◆ **Exercise details**: Only the text should come through, so restate the listing exactly and drop its images.

◆ **Dataset extract**:
_ _ _ _
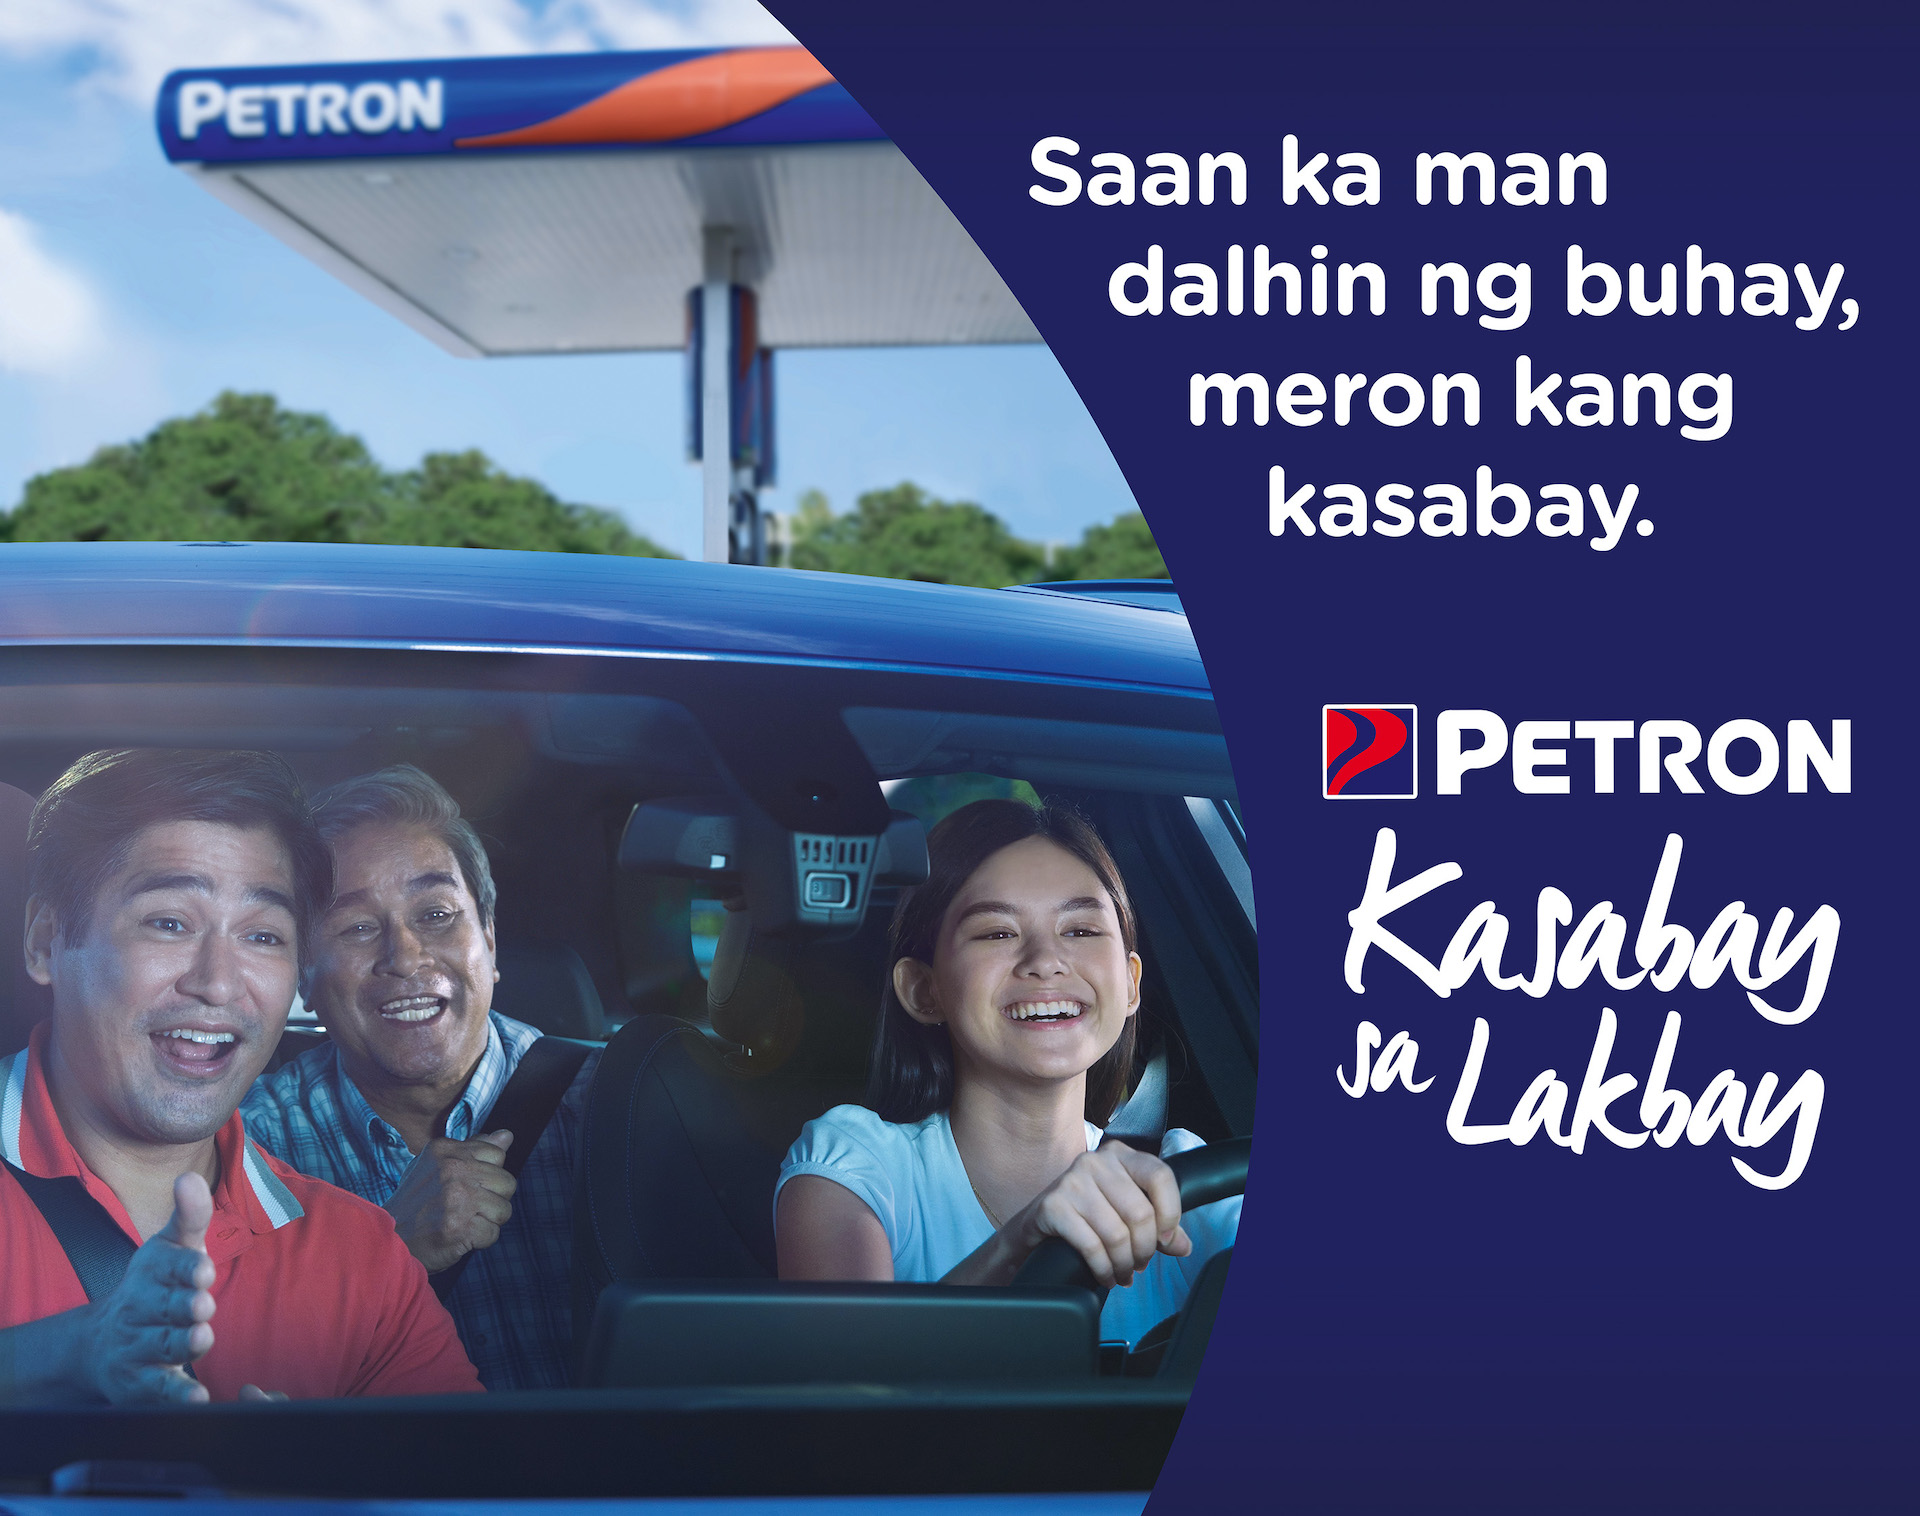 Petron’s Kasabay sa Lakbay gives a nostalgic look of the company’s service to Filipino motorists
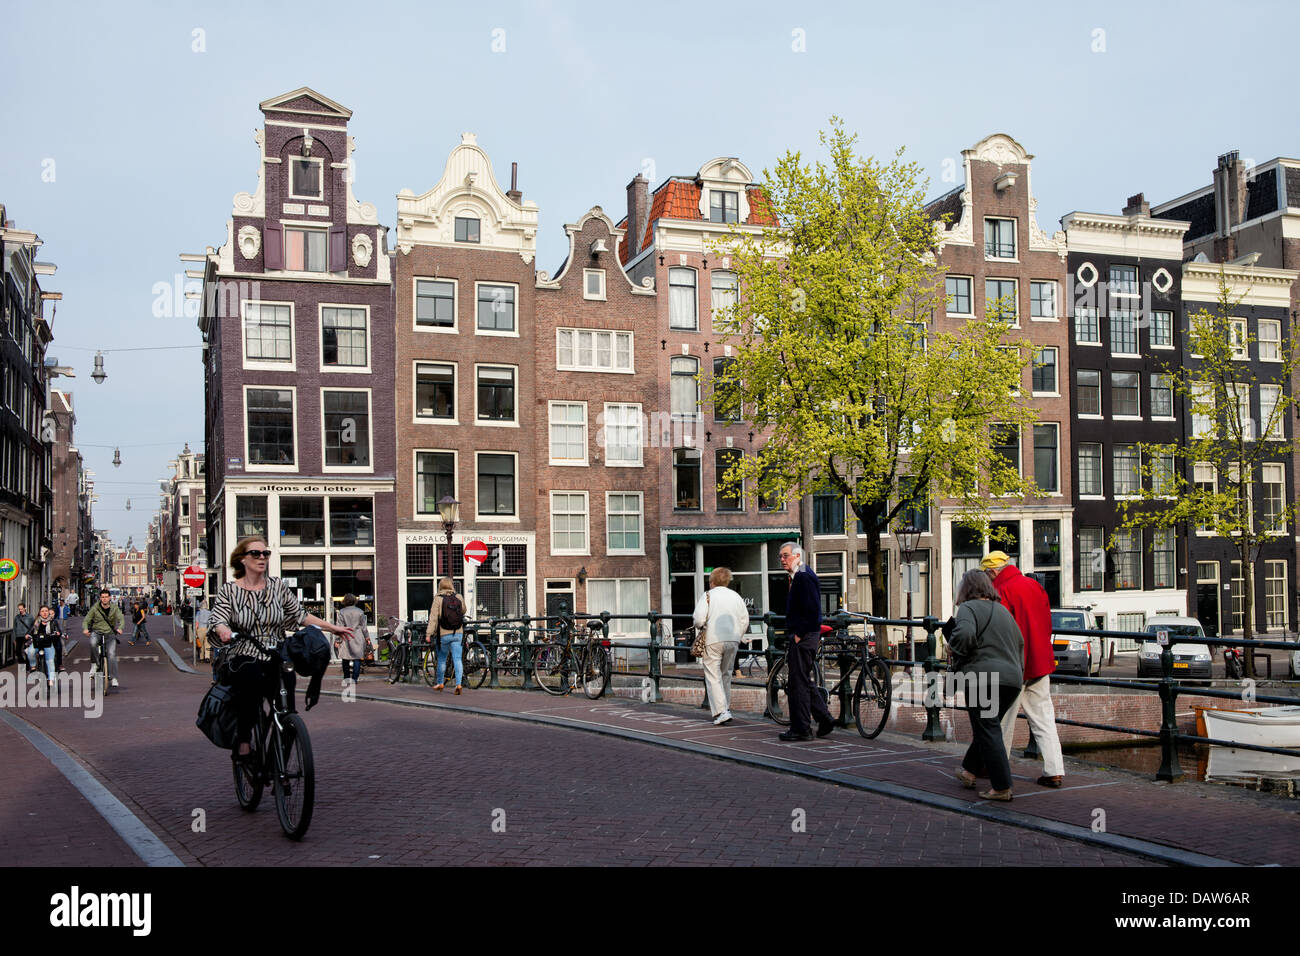 Leben in der Stadt Amsterdam beherbergt traditionelle niederländische am Singel-Kanal, Nordholland, Niederlande. Stockfoto
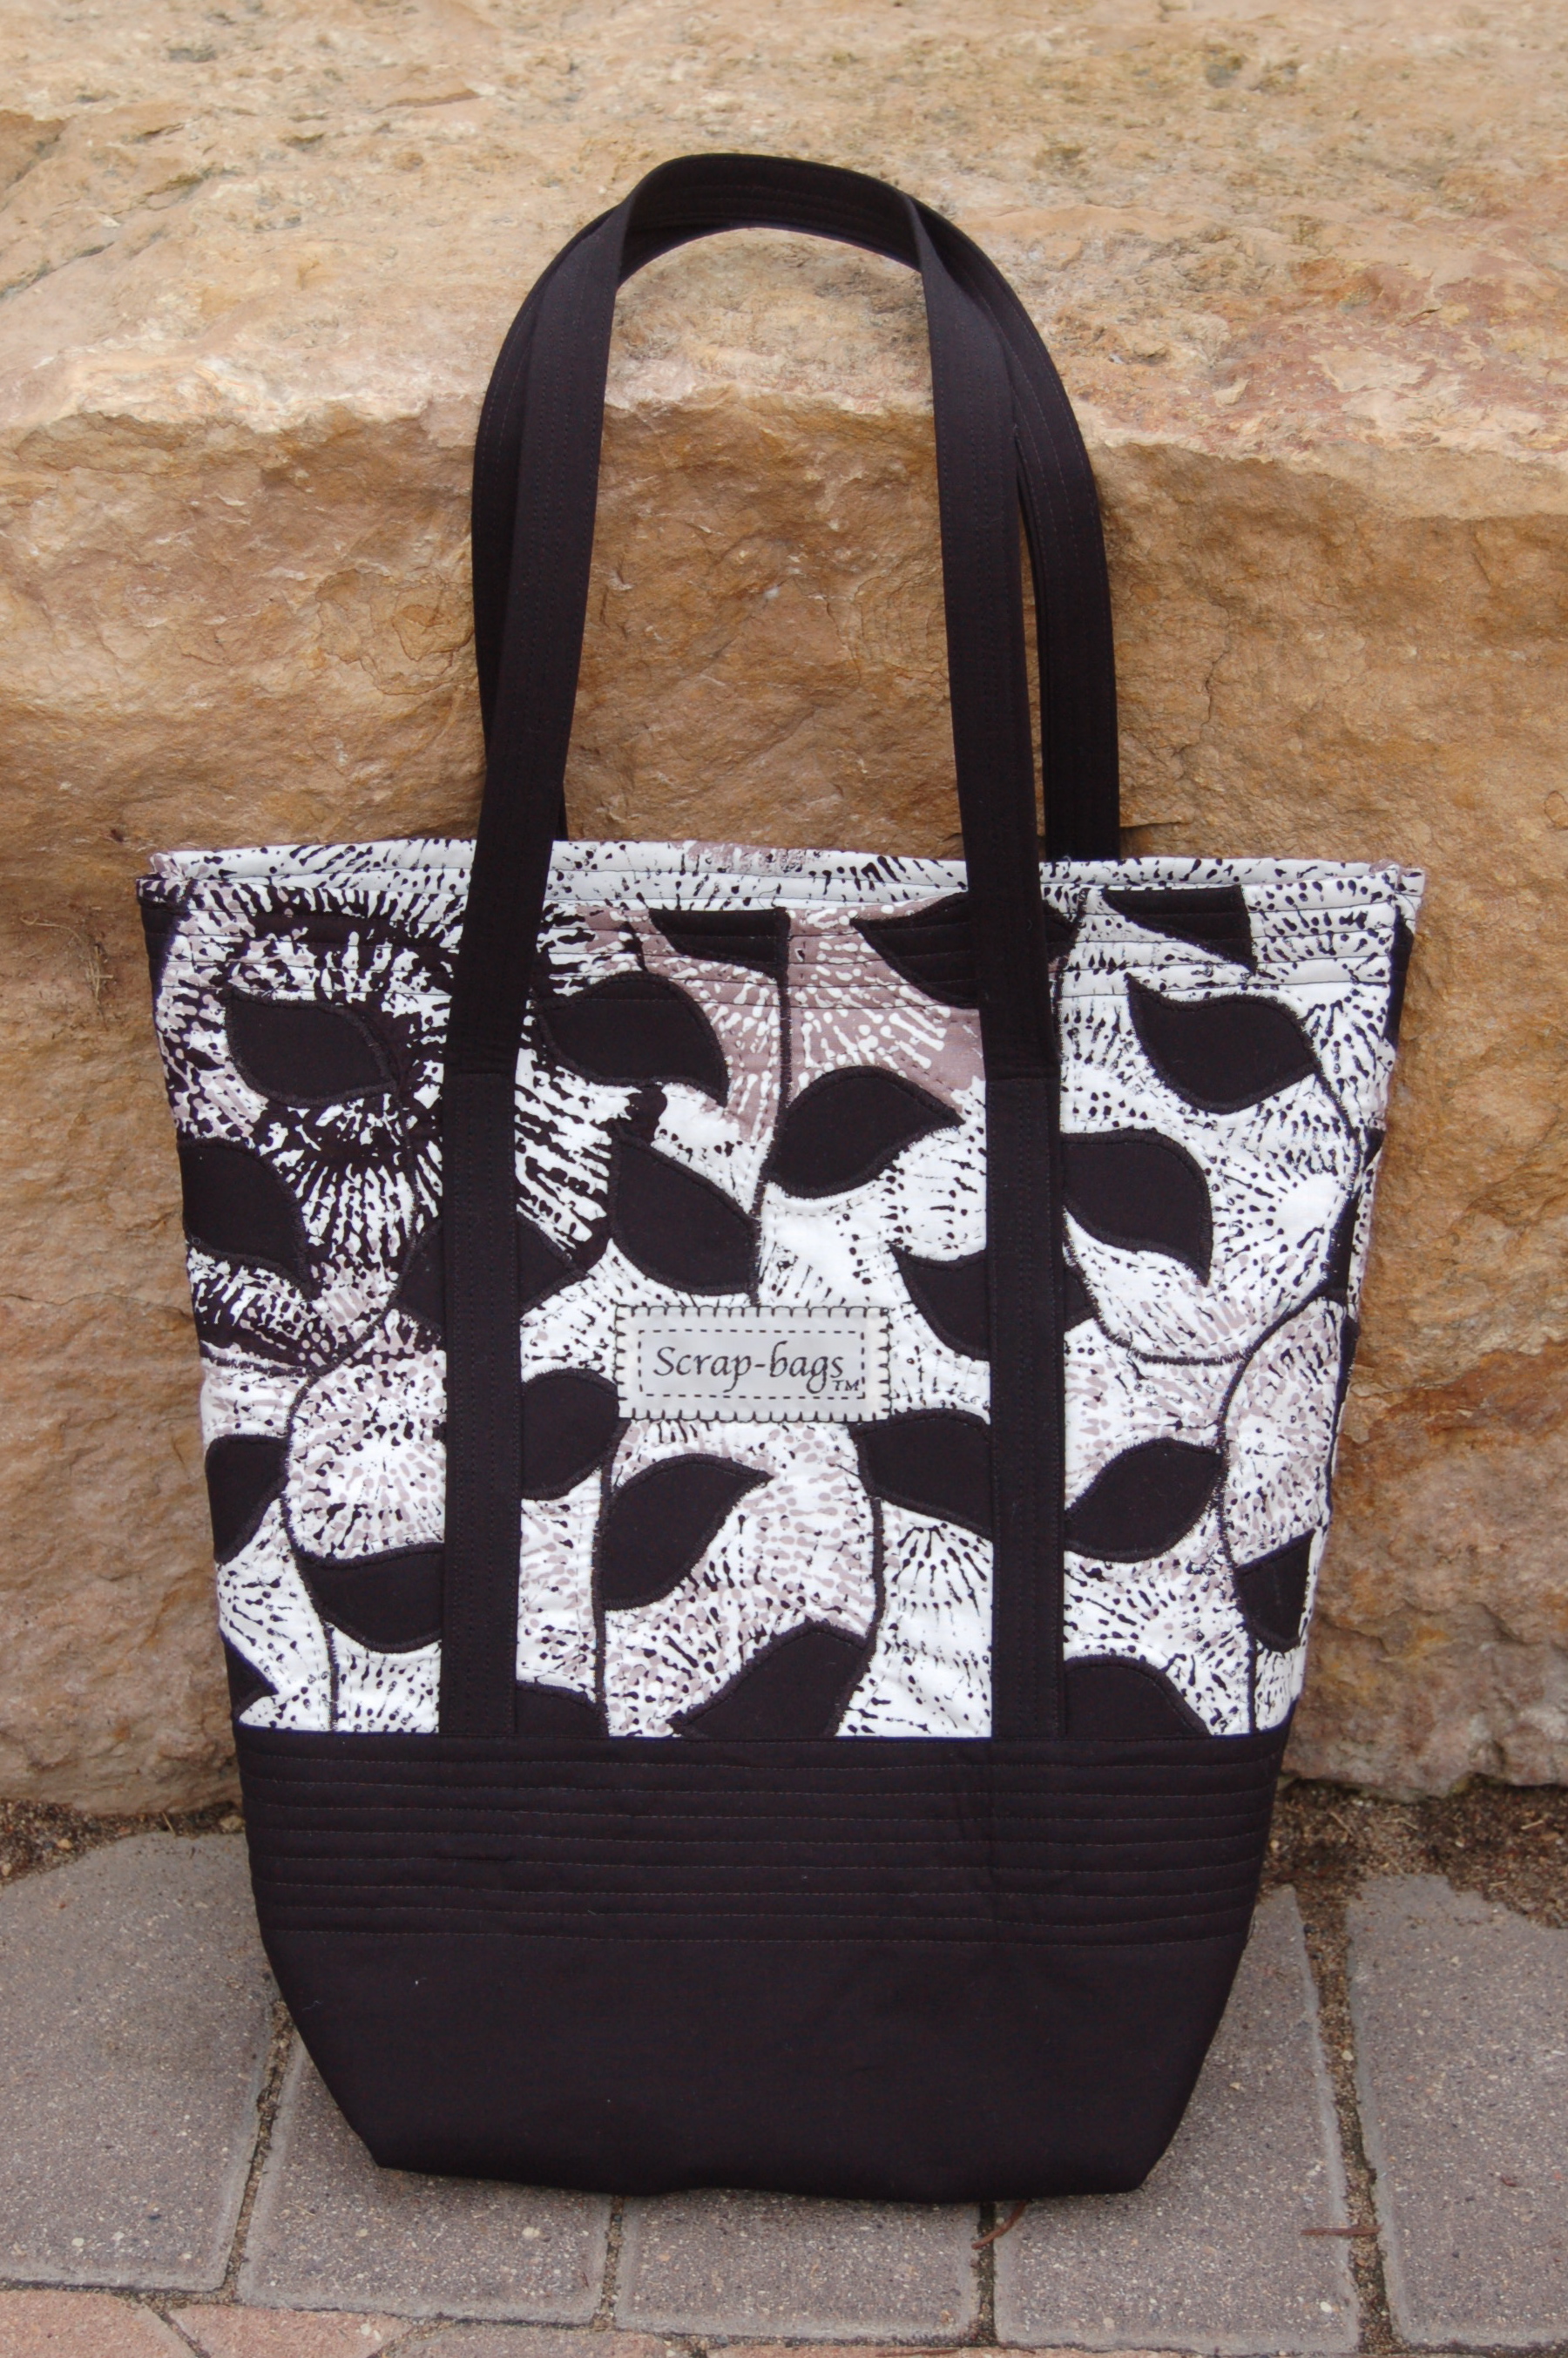 Scrap-bags Sewing Patterns - Retail — Jamie Kalvestran Design LLC
_ _ _ _
◆ **Result of the exercise**:
 Petron’s Kasabay sa Lakbay gives a nostalgic look of the company’s service to Filipino motorists
 Leben in der Stadt Amsterdam beherbergt traditionelle niederländische am Singel-Kanal, Nordholland, Niederlande. Stockfoto
 Scrap-bags Sewing Patterns - Retail — Jamie Kalvestran Design LLC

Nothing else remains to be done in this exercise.